Can traffic police take my phone to check documents?

No. A traffic officer can ask you to show your documents on your phone screen (DigiLocker, mParivahan), but they cannot take your phone from you without legal authority. If an officer demands your phone or attempts to take it, that is an overreach — you can refuse. You are required to show the documents, not hand over the device. If coerced, note the officer's name and badge number and file a complaint with the traffic superintendent.

Can I be fined twice for the same offence in the same day?

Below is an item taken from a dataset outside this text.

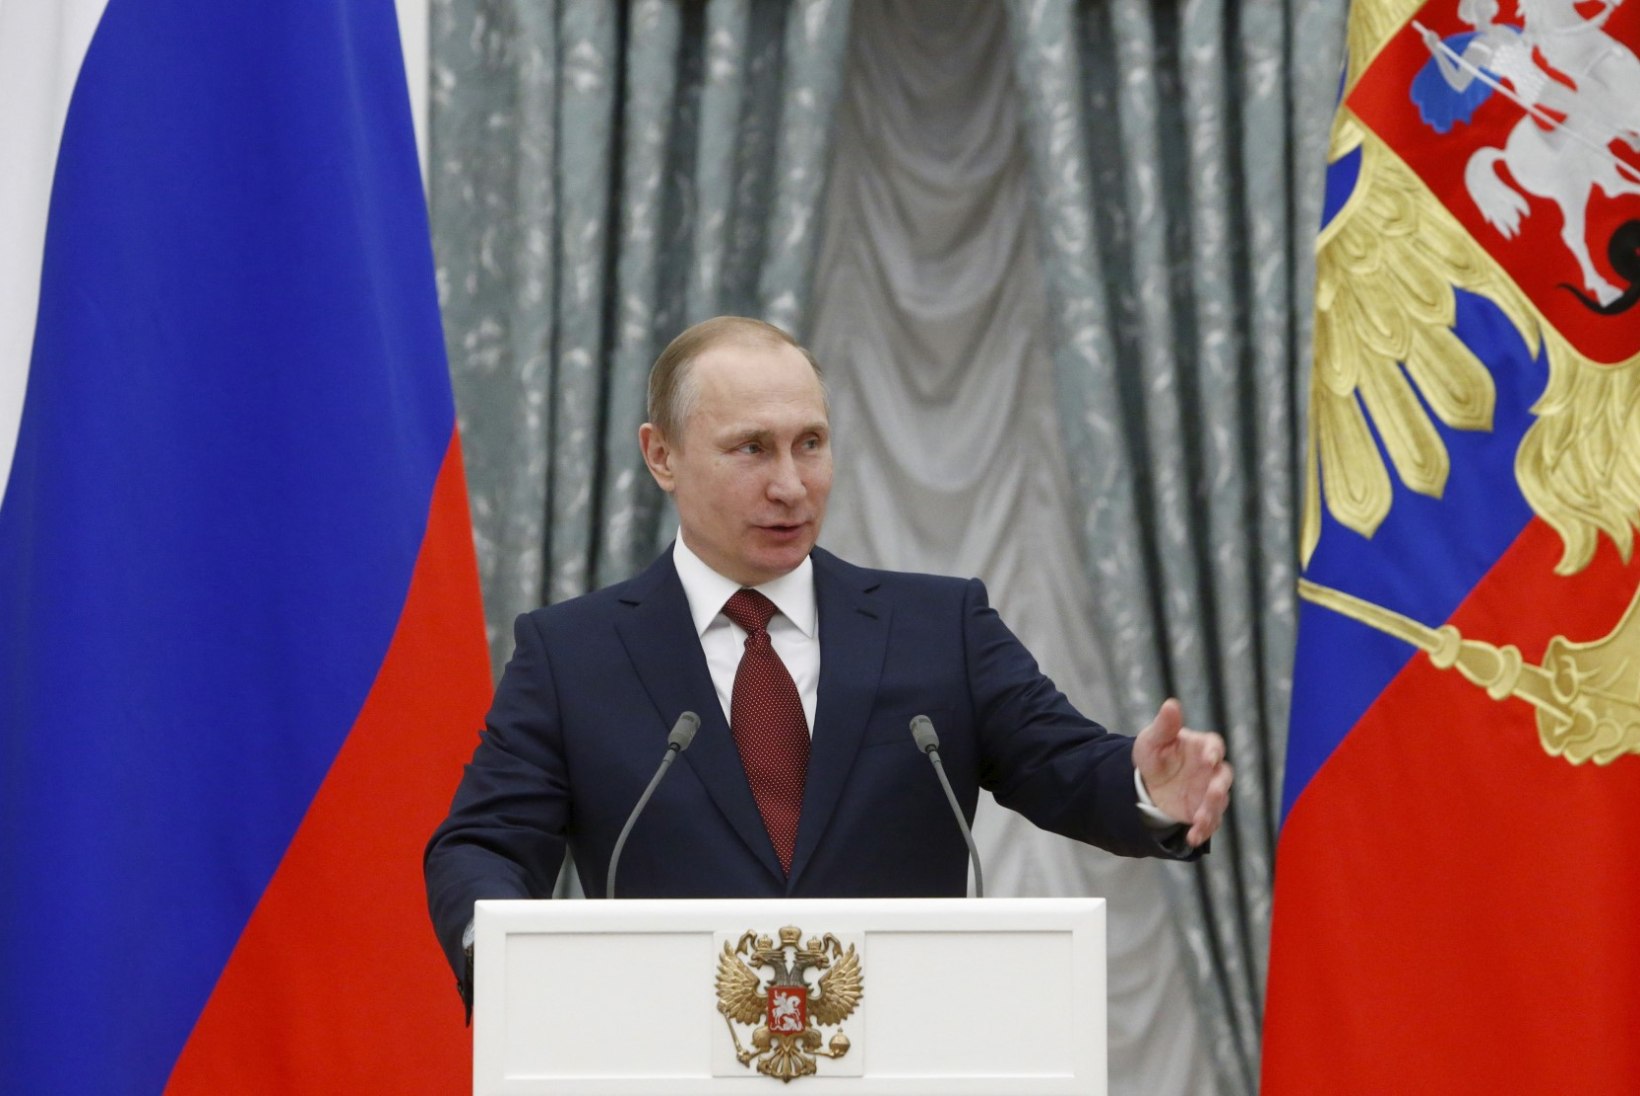 FOTO | Karu seljas kappava Putiniga tehti vahva vormelinali

Generally no — you cannot be issued multiple challans for the same offence on the same trip. However, exceptions apply: if you commit the offence again on a different road or at a different point during the day, a fresh challan can be issued. If you receive two challans that appear to be for the same offence at the same location, contest the duplicate before the magistrate.

Can the vehicle owner be fined if they weren't driving?

Yes — in certain situations. For underage driving: the owner/guardian is specifically liable (Section 199A). For automated camera challans (speed, red light): the challan is issued against the vehicle registration and the registered owner is presumed responsible — they must produce evidence of who was driving to transfer liability. For general traffic offences by someone else driving your vehicle: the driver bears primary liability, but if you knowingly lent your vehicle to an unlicensed driver, you also bear liability.

What happens if I don't appear in court for a court challan?

Non-appearance after a court summons for a traffic challan is treated as contempt of the court's process. The magistrate can issue a non-bailable warrant for your arrest. For serious offences (drunk driving, causing death by dangerous driving), a warrant will be issued promptly. For minor challans, courts typically give 1–2 opportunities before issuing warrants. Always appear on the scheduled date or arrange for a lawyer to appear on your behalf.

Does a traffic challan affect my vehicle insurance premium?

Direct challan records are not currently shared with insurance companies under any mandatory system — your traffic history is not automatically factored into your renewal premium at most insurers. However: if you are convicted of drunk driving and the conviction is on record, some insurers may refuse to renew or increase premiums. If you have made a motor insurance claim after an accident where you were at fault (and had traffic violations), the insurer can use those records as evidence in disputes. This landscape is evolving — telematics-based insurance (where driving behaviour affects premiums) is growing in India.